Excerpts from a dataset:
──────

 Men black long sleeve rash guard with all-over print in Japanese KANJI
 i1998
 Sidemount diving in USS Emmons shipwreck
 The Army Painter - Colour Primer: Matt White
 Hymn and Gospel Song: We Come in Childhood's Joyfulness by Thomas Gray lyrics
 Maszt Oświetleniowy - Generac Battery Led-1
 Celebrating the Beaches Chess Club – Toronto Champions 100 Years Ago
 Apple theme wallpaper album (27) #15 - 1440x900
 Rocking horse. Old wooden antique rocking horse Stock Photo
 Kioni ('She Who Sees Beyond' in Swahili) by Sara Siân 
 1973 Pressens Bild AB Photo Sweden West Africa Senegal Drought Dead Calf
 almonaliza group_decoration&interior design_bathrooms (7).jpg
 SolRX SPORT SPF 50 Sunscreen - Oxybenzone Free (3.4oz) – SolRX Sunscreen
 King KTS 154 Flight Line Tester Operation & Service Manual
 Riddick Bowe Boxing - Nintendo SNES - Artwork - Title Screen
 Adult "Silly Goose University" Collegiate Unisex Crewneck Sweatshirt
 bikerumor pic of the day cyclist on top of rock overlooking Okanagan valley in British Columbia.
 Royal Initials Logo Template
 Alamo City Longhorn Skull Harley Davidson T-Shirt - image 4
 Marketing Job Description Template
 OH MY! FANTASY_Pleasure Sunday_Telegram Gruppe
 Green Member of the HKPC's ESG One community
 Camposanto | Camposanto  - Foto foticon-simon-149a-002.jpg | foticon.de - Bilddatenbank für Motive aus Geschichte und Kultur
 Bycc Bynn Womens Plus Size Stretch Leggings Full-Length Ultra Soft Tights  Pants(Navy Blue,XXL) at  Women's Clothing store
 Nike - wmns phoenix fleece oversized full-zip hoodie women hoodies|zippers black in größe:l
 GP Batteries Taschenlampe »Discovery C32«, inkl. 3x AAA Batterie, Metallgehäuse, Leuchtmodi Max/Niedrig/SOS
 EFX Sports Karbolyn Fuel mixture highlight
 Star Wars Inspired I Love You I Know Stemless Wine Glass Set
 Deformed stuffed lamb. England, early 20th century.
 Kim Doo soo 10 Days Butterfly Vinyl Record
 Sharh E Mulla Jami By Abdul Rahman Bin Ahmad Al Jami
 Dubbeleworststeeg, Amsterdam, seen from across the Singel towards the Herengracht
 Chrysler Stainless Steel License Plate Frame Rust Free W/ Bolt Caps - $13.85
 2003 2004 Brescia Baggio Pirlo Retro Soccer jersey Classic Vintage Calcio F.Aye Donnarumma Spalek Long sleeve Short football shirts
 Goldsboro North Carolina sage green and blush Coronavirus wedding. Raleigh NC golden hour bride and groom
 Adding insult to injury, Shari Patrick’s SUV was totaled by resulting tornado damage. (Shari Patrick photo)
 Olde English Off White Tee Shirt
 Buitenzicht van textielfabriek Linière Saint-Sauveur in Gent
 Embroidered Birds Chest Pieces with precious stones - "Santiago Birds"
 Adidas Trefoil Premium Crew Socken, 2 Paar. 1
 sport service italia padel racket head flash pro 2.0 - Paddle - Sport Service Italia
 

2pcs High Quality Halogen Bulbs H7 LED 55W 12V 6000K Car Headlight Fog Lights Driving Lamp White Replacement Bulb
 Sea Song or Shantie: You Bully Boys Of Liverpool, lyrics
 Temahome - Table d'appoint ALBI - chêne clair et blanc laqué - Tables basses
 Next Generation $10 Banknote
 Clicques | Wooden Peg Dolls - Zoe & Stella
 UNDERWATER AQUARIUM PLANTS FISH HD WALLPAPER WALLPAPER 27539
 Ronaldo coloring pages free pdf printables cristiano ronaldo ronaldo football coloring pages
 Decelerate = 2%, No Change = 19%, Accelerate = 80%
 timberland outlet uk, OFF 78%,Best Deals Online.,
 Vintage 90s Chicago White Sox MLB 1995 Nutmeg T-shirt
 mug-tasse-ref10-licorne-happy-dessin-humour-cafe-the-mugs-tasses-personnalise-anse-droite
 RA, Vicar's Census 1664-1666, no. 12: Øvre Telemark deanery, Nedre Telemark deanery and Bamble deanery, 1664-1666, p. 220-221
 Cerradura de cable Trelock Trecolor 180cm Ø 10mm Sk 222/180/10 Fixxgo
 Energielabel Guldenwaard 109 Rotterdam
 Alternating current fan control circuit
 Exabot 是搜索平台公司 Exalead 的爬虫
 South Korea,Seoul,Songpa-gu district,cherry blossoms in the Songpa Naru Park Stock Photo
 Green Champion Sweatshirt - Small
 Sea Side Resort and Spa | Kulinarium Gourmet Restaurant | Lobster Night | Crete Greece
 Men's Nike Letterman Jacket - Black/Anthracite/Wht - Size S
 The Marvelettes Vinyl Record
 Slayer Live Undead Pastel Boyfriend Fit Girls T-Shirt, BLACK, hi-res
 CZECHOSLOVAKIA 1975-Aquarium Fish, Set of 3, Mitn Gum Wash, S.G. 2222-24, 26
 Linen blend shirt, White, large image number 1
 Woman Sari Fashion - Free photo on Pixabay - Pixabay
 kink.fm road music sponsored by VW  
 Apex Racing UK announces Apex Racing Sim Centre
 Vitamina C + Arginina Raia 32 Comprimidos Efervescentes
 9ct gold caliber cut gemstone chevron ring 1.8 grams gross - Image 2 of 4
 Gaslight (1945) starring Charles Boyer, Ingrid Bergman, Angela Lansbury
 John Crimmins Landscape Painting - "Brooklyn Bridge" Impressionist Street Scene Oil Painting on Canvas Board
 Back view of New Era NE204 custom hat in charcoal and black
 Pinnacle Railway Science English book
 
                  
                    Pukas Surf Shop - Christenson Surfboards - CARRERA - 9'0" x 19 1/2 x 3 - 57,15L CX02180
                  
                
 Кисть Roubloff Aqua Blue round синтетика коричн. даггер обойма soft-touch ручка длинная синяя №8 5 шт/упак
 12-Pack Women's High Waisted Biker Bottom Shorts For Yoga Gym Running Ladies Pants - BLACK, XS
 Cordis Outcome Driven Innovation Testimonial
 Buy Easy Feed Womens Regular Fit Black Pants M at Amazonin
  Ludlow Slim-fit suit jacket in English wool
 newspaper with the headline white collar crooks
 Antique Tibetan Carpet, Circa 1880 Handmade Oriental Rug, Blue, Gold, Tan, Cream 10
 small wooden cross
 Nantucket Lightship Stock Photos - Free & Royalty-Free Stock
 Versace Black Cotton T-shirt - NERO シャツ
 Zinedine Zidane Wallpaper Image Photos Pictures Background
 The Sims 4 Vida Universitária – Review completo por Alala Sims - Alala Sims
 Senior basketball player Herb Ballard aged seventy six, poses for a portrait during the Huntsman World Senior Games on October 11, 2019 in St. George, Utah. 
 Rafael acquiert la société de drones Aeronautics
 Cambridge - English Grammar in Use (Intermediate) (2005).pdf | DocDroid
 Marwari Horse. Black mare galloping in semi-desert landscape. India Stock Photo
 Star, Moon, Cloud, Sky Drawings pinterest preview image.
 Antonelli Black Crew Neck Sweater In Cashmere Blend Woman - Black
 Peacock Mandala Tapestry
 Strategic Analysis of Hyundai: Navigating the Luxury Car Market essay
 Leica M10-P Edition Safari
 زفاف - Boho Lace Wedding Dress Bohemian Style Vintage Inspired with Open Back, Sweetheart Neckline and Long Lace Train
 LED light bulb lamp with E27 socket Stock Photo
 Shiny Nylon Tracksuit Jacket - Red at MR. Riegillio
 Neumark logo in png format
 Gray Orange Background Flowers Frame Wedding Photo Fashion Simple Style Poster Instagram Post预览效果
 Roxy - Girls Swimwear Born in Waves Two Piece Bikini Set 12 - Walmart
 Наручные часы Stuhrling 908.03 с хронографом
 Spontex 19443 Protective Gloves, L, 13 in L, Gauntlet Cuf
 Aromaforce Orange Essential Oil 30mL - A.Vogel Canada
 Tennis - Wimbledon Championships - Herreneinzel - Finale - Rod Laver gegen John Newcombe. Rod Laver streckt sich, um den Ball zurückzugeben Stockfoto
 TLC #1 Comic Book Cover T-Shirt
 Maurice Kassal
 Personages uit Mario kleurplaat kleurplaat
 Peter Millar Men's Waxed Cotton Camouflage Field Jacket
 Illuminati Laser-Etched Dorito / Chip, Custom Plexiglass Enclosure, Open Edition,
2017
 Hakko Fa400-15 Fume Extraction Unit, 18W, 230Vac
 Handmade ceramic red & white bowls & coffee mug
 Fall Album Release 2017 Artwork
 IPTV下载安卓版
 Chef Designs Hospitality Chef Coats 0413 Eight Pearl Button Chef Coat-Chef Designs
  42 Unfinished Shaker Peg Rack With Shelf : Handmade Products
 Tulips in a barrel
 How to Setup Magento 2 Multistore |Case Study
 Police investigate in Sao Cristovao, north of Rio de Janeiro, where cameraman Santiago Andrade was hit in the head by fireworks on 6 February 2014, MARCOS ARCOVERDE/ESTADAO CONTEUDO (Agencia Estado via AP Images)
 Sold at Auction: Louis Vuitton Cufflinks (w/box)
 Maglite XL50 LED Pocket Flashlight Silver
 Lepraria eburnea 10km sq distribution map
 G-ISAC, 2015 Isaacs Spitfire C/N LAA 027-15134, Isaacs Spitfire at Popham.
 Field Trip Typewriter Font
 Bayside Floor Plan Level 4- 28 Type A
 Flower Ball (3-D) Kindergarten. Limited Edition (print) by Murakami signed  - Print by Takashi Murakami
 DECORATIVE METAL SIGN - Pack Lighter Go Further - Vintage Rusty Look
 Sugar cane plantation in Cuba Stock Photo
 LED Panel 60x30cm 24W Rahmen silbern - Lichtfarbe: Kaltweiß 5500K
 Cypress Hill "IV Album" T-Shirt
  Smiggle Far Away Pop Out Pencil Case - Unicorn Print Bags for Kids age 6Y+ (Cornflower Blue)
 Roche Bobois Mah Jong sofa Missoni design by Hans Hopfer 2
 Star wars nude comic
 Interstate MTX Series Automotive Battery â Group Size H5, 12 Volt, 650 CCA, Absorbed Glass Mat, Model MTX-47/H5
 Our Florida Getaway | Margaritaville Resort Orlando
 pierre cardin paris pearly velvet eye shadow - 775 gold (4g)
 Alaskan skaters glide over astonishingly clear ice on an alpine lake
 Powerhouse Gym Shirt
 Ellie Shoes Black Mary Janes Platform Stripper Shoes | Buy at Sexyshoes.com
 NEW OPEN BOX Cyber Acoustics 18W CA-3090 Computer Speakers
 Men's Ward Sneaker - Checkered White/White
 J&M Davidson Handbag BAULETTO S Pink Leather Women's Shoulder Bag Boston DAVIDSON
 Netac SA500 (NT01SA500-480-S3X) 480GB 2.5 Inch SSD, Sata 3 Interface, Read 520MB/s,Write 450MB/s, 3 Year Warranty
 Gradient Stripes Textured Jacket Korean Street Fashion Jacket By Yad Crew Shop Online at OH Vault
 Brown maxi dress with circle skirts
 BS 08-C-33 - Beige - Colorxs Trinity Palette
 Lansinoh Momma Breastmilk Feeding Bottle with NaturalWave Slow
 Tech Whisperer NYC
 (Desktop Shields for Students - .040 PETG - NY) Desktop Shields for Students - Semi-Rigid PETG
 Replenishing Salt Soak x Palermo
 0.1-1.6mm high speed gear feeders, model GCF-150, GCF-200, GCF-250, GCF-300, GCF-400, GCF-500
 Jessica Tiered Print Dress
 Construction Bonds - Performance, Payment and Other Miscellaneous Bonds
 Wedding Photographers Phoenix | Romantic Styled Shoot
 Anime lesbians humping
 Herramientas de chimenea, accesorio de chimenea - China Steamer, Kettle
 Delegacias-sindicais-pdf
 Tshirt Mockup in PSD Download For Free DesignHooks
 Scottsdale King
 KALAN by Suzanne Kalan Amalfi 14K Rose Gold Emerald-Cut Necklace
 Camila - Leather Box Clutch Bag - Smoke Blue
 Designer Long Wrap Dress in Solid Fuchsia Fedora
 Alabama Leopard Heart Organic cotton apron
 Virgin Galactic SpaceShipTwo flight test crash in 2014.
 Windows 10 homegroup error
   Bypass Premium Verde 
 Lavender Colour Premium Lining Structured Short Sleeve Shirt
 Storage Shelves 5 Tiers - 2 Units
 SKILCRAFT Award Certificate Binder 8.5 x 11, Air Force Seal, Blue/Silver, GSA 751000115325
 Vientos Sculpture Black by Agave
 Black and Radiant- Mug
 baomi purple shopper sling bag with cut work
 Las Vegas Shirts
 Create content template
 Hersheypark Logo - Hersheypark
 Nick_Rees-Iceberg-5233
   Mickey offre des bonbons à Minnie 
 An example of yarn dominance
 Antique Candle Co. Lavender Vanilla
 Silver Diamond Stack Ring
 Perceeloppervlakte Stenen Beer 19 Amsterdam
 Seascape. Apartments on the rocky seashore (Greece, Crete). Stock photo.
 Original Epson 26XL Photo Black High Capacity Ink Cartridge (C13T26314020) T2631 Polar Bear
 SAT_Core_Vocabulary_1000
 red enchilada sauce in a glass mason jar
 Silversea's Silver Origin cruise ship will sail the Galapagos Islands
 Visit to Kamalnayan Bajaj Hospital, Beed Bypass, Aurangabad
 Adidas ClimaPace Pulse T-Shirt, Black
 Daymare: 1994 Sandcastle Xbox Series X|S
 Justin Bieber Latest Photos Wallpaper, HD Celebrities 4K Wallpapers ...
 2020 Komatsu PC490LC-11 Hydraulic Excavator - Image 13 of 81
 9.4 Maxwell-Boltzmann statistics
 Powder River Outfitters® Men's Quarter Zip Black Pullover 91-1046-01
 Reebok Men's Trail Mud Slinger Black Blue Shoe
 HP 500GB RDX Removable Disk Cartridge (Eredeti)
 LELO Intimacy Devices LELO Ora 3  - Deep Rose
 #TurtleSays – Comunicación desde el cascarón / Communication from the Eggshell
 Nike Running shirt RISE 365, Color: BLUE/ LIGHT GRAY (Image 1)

──────

Repeat the entries verbatim through the line with "Riddick Bowe Boxing".

 Men black long sleeve rash guard with all-over print in Japanese KANJI
 i1998
 Sidemount diving in USS Emmons shipwreck
 The Army Painter - Colour Primer: Matt White
 Hymn and Gospel Song: We Come in Childhood's Joyfulness by Thomas Gray lyrics
 Maszt Oświetleniowy - Generac Battery Led-1
 Celebrating the Beaches Chess Club – Toronto Champions 100 Years Ago
 Apple theme wallpaper album (27) #15 - 1440x900
 Rocking horse. Old wooden antique rocking horse Stock Photo
 Kioni ('She Who Sees Beyond' in Swahili) by Sara Siân 
 1973 Pressens Bild AB Photo Sweden West Africa Senegal Drought Dead Calf
 almonaliza group_decoration&interior design_bathrooms (7).jpg
 SolRX SPORT SPF 50 Sunscreen - Oxybenzone Free (3.4oz) – SolRX Sunscreen
 King KTS 154 Flight Line Tester Operation & Service Manual
 Riddick Bowe Boxing - Nintendo SNES - Artwork - Title Screen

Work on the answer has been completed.